Ugh. I feel like old Jell-O.

I had a big allergy attack this morning, and sneezed for about 20 minutes. In the shower. Funfunfun.

I also feel crappy because I was up late last night. My friend Jason and 2 of his work buddies are in town, and we went to a bar and watched football and drank beer. And it was fun. And I'm paying for it a little today. Just a little. Could be worse.

They do this raffle thing at that bar... you get tickets in the beginning, and each time you order drinks, and then they periodically draw and if you have the ticket you pick an envelope and you win a prize. I love winning prizes.

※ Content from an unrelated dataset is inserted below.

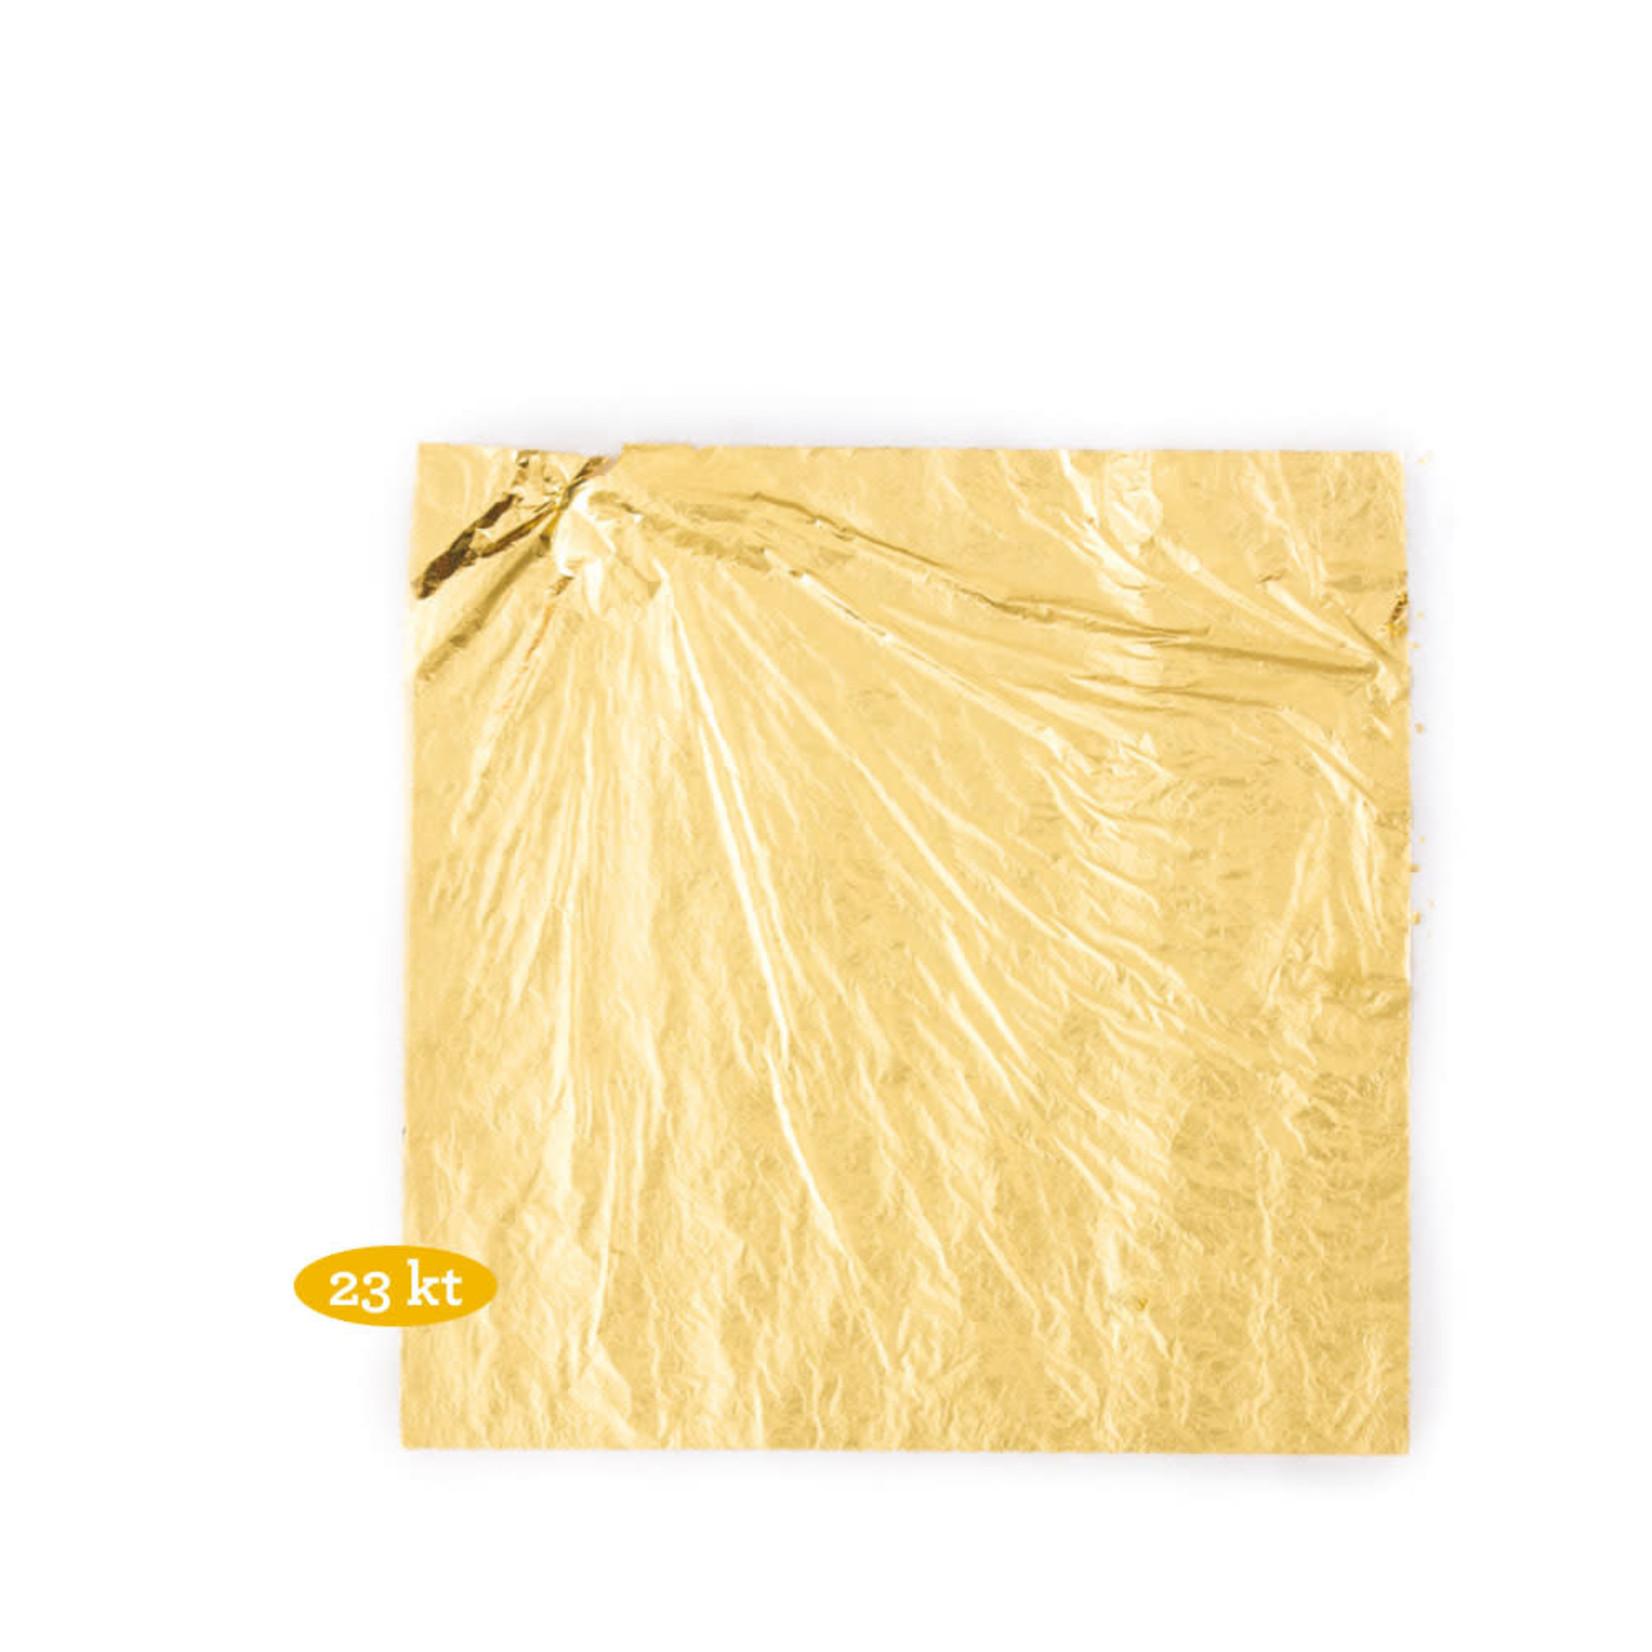 Decora eetbaar bladgoud, vijf velletjes van 8,6x8,6cm

Once, visiting my sister Mollie in college, we went out to rent First Wives Club because some man had done her wrong. One of the dealies at that video store was every few videos you rented, you'd get a chance to spin this wheel for a prize. Various things... ranging from a free rental to a decent chunk of cash.

When the clerk told us it was spin time, Mollie, ever the generous hostess, graciously looked at me and told me I could spin it for her.

Dizzy with visions of Bob Barker and his skinny microphone and a cheering studio audience and a Showcase Showdown, I leaped forward to take my spin. And then cracked my leg against a display case, nearly knocking it over and giving myself a nasty bruise. Mollie had a great time telling people exactly how I got that bruise for the rest of my visit.

Anyway, I'd been to Monday night football at this bar several times. My station broadcasts a talk show from there. Never won anything. Last night, while I was busy bitching about how I never win anything, they called my number. I jumped into the air and bellowed, "YES!"

I picked envelope #4. An electronic dartboard. Hell yeah.

The other two guys won prizes, too. M.G. got an Oreo/coffee mug gift pack. They scarfed down the cookies, and I talked him into giving me a mug.

Jason won the best thing, though. (Besides my dartboard, of course.) He got a set of Jim Beam sauces - barbecue, hot sauce, and... ummm... I can't remember what else. The box of sauces became the scapegoat for the rest of the night. Anytime either of us were picked on by the others, we'd hug the box and talk about how Jim Beam was our only friend, the only one who understands us.

Ummm... yeah. Did I say a FEW beers? Right.